# Ausfallenden



## iNSANE! (3. Juli 2008)

Hallo,

nachdem ich auf PM's keine Antworten erhalten habe, hier die Frage in die Community.
Was kosten die 150er Ausfallenden (pro Stück, da ich ein linkes evtl habe)?
Jemand der seine verkaufen oder gegen 135er tausche will?
Und wo kann man sie kaufen?
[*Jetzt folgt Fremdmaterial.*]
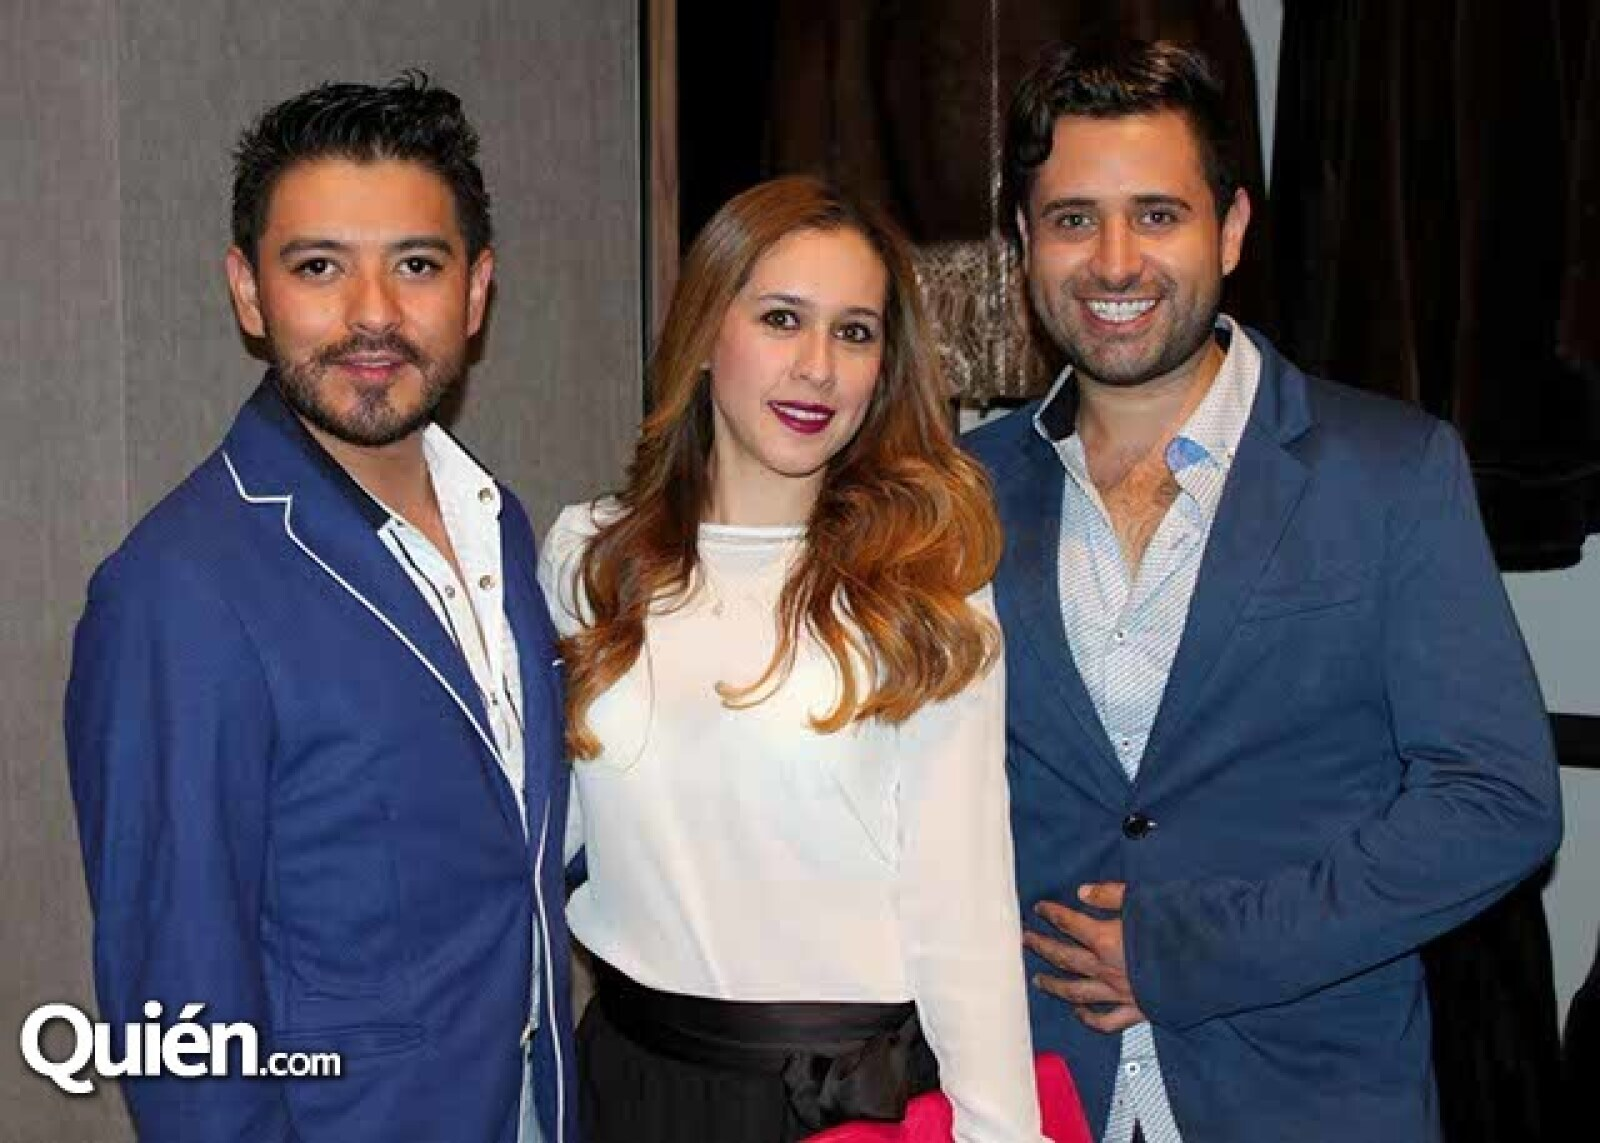 Alberto Becerra,Mariana Artiaga y Eduardo Alcala%u0301

Hat der Harry welche im Laden?
Danke!


----------



## bachmayeah (3. Juli 2008)

Hat die dein LiS nicht auf Lager?
günstig werden die nicht sein.. denke so ab 150 - xx
ist auch die frage, ob die vom m3 oder dergleichen auch passen. (was ich mir gut vorstellen könnte.)


----------



## MTB-News.de




----------



## iNSANE! (3. Juli 2008)

Nee, wegen dem Preis hat die Keiner auf Lager...muss also teuer sein.
Ach verdammt...na mal sehen was ich machen kann.


----------



## bachmayeah (3. Juli 2008)

comp. cyclist hat sicherlich nen satz auf lager


----------



## haha (4. Juli 2008)

2 stück kosten um die 270 euro, so jedenfalls vor einem jahr...


----------



## steppenwolf1980 (4. Juli 2008)

In der USA kosten sie 275 $


----------



## iNSANE! (4. Juli 2008)

Jo, bekomm se hier wohl um die 150 Tacken...heftig genug.


----------



## bachmayeah (4. Juli 2008)

dollar? geht doch noch.. wenn de dann ein einzelnes für 70 usd bekommst ist des doch kein weltuntergang.


----------



## iNSANE! (5. Juli 2008)

Nee, Euro. Geht trotzdem noch halbwegs. Mei, für nen Stück Alu isses schon sportlich.


----------



## bachmayeah (5. Juli 2008)

die bremsen an nem ferrari sind auch nicht grad günstig.
exklusivität hat seinen preis


----------



## iNSANE! (24. Juli 2008)

Hallo,
nochmal eine Frage zu den Ausfallenden - die Schrauben mit denen die am Rahmen fixiert sind, sind das Kettenblattschrauben? Bitte haut mich nicht falls nicht - sehen halt so aus.
Ich vermisse naemlich 2 Stueck...und wenn das wieder irgendwelchen superteuren todes-spezial Dinger sind, dann werd ich wahnsinning 
Danke!


----------



## MTB-News.de




----------



## haha (24. Juli 2008)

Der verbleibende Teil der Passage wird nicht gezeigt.